With the development of high-throughput sequencing, whole-genome analysis, such as genomic prediction and genome-wide association studies (GWAS), plays an important role in animal and plant breeding. Under the infinitesimal model, complex traits are assumed to be affected by many genes with small additive effects, and the relationship between genotypes and phenotypes is linear. In most GWAS and genomic prediction studies, one goal is to estimate the joint effects of all SNP markers. The landmark paper by Meuwissen et al. (2001) introduced the Bayesian linear mixed model for whole-genome prediction, which has been widely used in breeding programs.
However, as the amount and diversity of omics data continue to grow, several challenges arise for the linear mixed model. First, there is a need to extend mixed models to incorporate multiple sequential layers of data as one connected network (e.g., the regulatory cascades). Second, due to increasing concerns about data privacy, there is a need to adopt mixed models for encrypted data, enabling the sharing of confidential data in genome-to-phenome analyses.

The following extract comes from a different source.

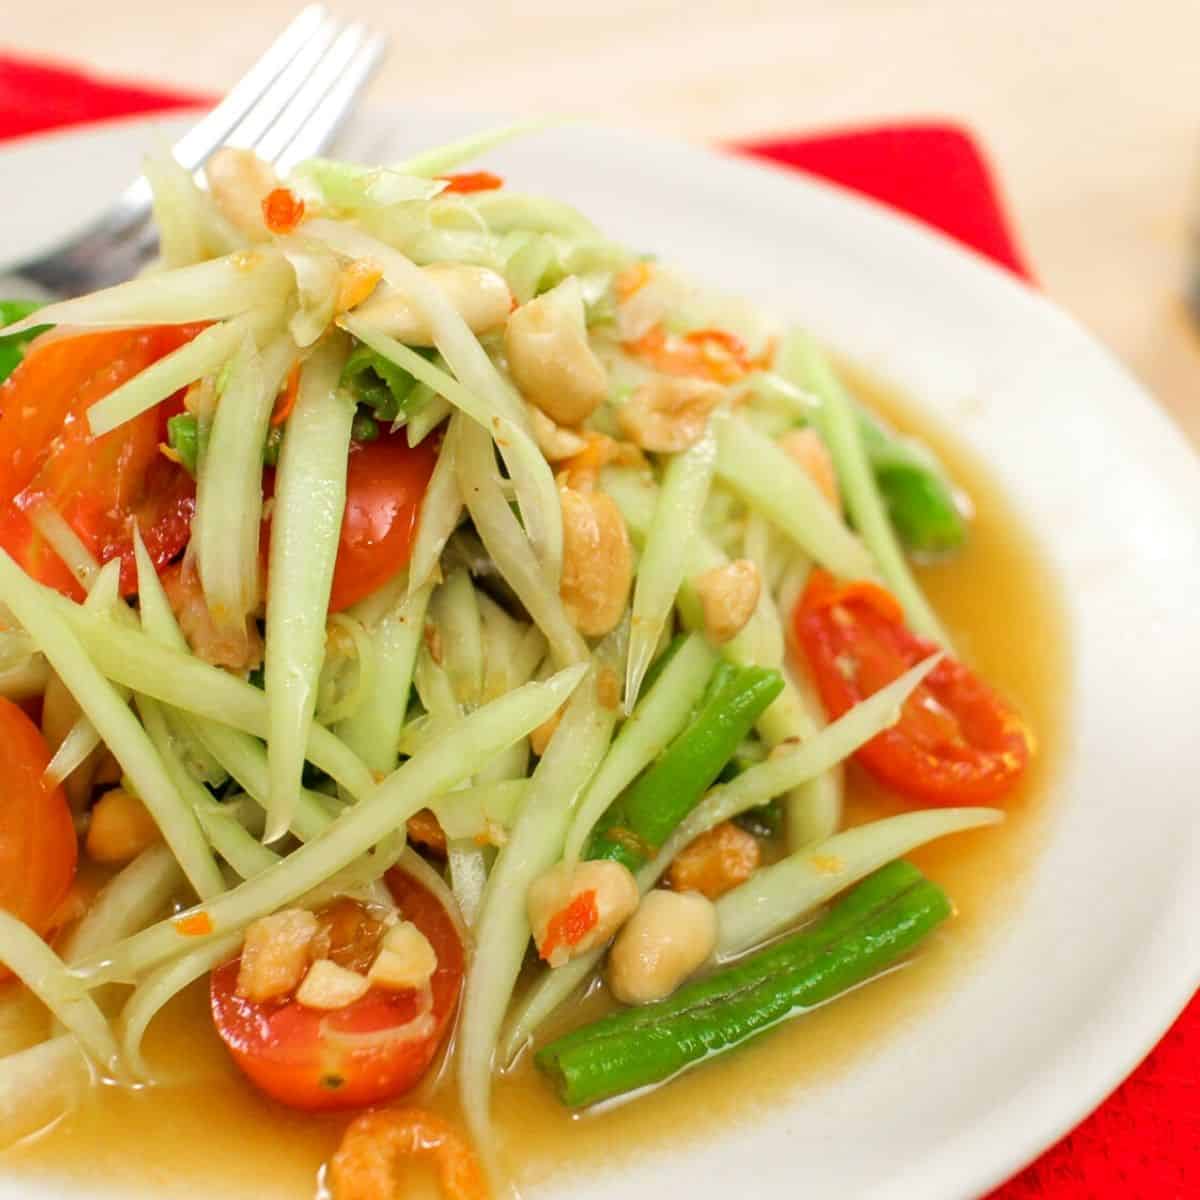 A plate of Thai green papaya salad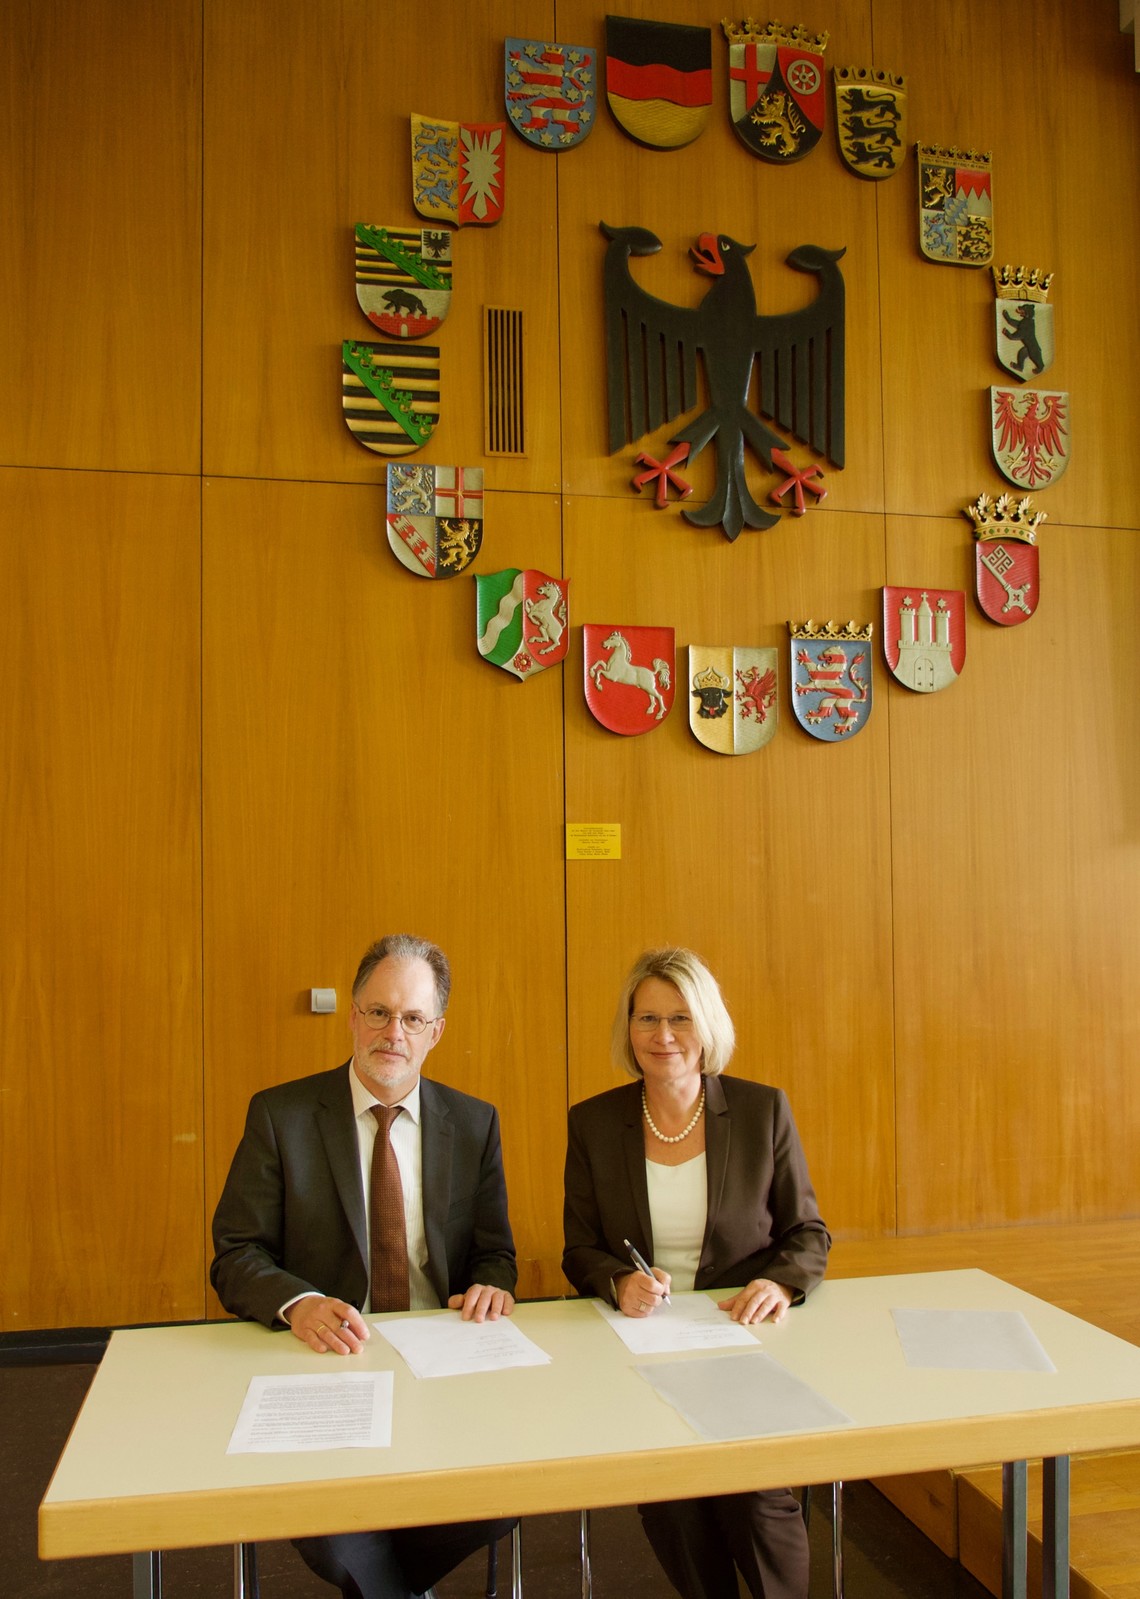 Unterzeichnung der Kooperationsvereinbarung zwischen Universität Speyer und Metropolregion Rhein-Neckar | © DUV Speyer / Lutz Berger

New methods were proposed in this thesis that try to solve these two challenges. For the first challenge, we provide a novel framework named mixed model neural network ("NNMM") to extend the mixed model ("MM") to a multilayer neural network ("NN"), thus incorporating sequential layers of data as a unified multilayer network. Nonlinear relationships between different layers of data are allowed via nonlinear activation functions in neural networks. Moreover, NNMM allows various missing patterns for the data in the middle layer, and the network architecture of NNMM can be predefined to be partially connected.
For the second challenge, a homomorphic encryption method based on high-dimensional random orthogonal transformations of the raw data has been proposed in Mott et al. (2020). This method is specifically suited for single-marker regression in GWAS using linear mixed models with Gaussian errors. In this thesis, we will further generalize this homomorphic encryption for genome-to-phenome analysis using mixed models.